Set up
Let $M=\mathbb{R}^n$ with Euclidean metric. Suppose $F \in \Omega^2(M)$ is an 2-form (e.g. curvature) and $\phi \in \Omega^1(M)$ be a 1-form. These can be written in coordinates as:
$$F = \sum_{i<j} F_{ij} dx^idx^j \quad \quad \phi = \phi_i dx^i\thinspace .$$
Taking the covariant derivative of $\phi$ we get:
$$F = \sum_{i<j} F_{ij} dx^idx^j \quad \quad \nabla \phi =\sum_{i,j} \nabla_i\phi_j \thinspace dx^i\otimes dx^j\thinspace .$$
Goal: Compute the norm of $F$ and $\nabla \phi$ in coordinates.
Question
Are the below expressions correct (repeated indices to be summed)?

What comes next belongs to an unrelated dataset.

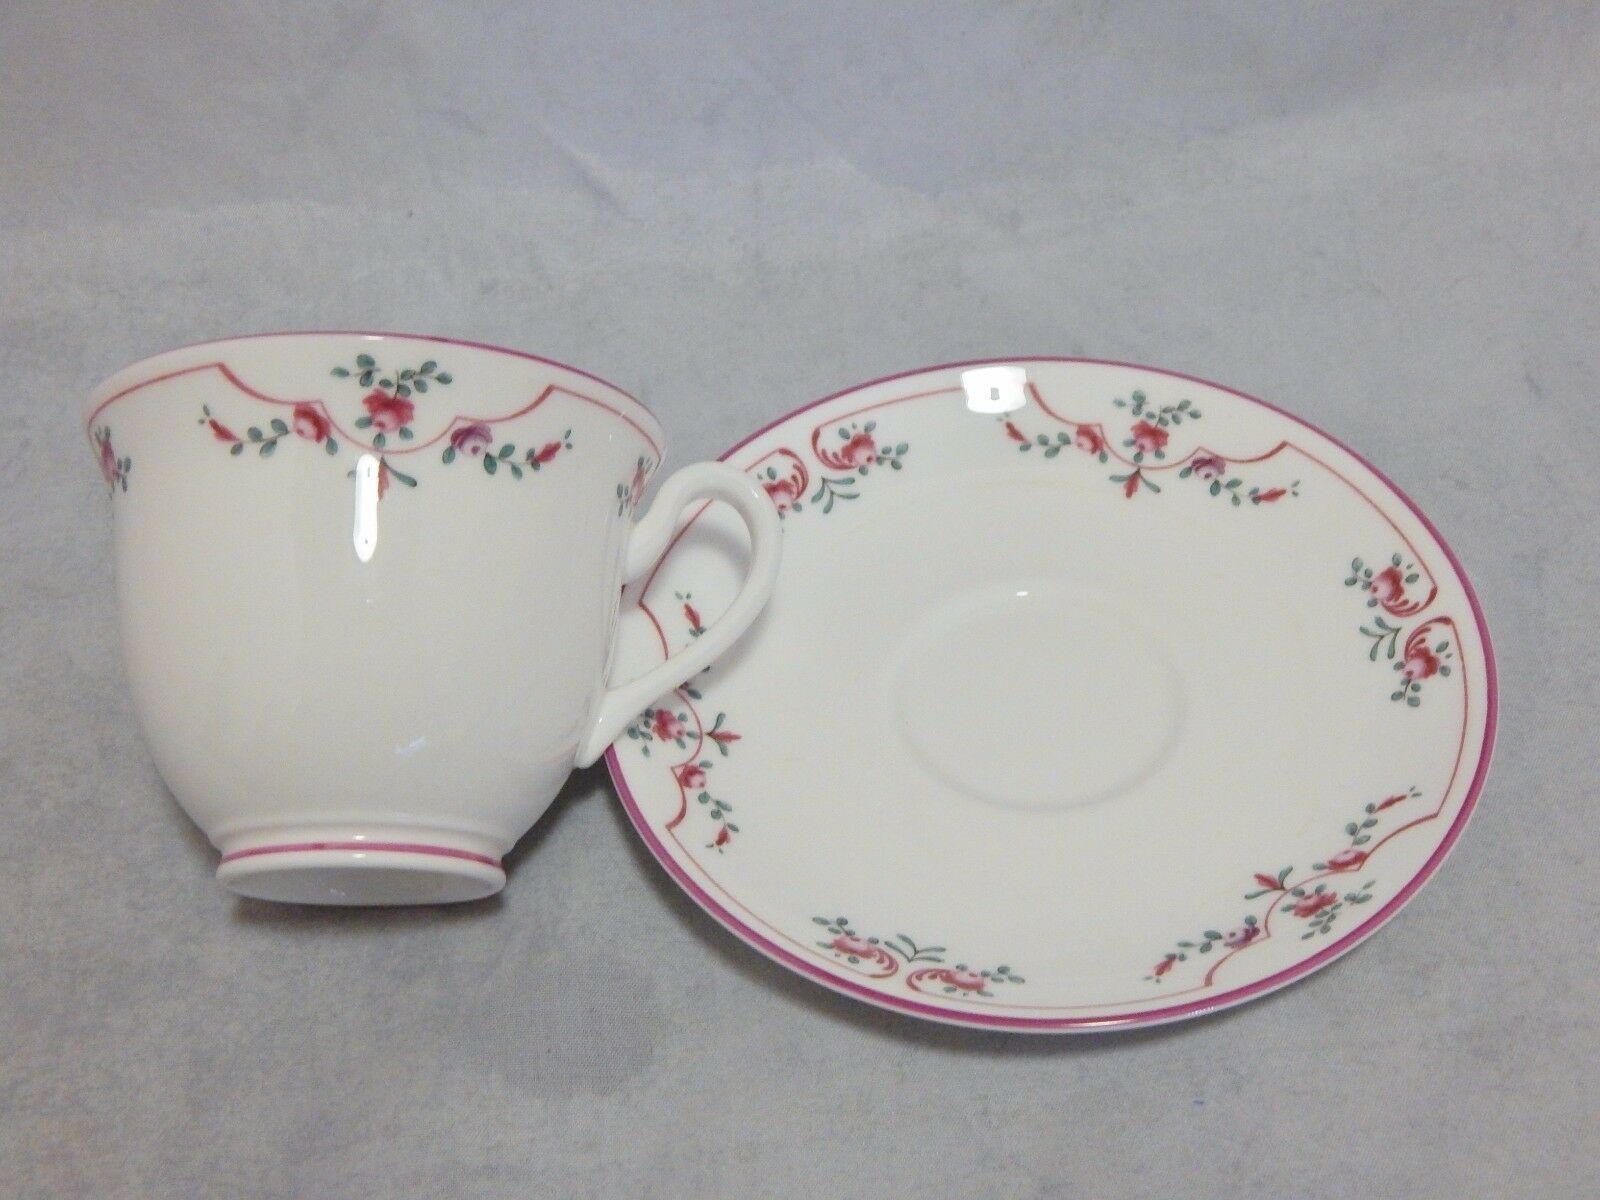 Royal Worcester Pink Petite Fleur Cup and Saucer Set

$$|F|^2 = F_{ij}F^{ij} \quad |\nabla \phi|^2 = \nabla_i\phi_j\nabla^i\phi^j\thinspace .$$
By $F_{ij}F^{ij}$ I think we mean:
$$F_{ij}F^{ij} = \sum_{i,j} F_{ij}F^{ij}\thinspace .$$
Confusion
In an article the authors consider the following action:
$$ \mathscr{A} = \int_M d^4x \left(\frac{1}{2} F_{ij}F^{ij} + \nabla_i\phi_j\nabla^i\phi^j \right)\thinspace .$$
So do they mean
- $ \mathscr{A} = \int_M d^4x \left(\frac{1}{2} |F|^2 + |\nabla \phi|^2 \right)\thinspace$ OR
- $ \mathscr{A} = \int_M d^4x \left(|F|^2 + |\nabla \phi|^2 \right)\thinspace ?$
Upshot: Confused by a factor of 2, all help is appreciated.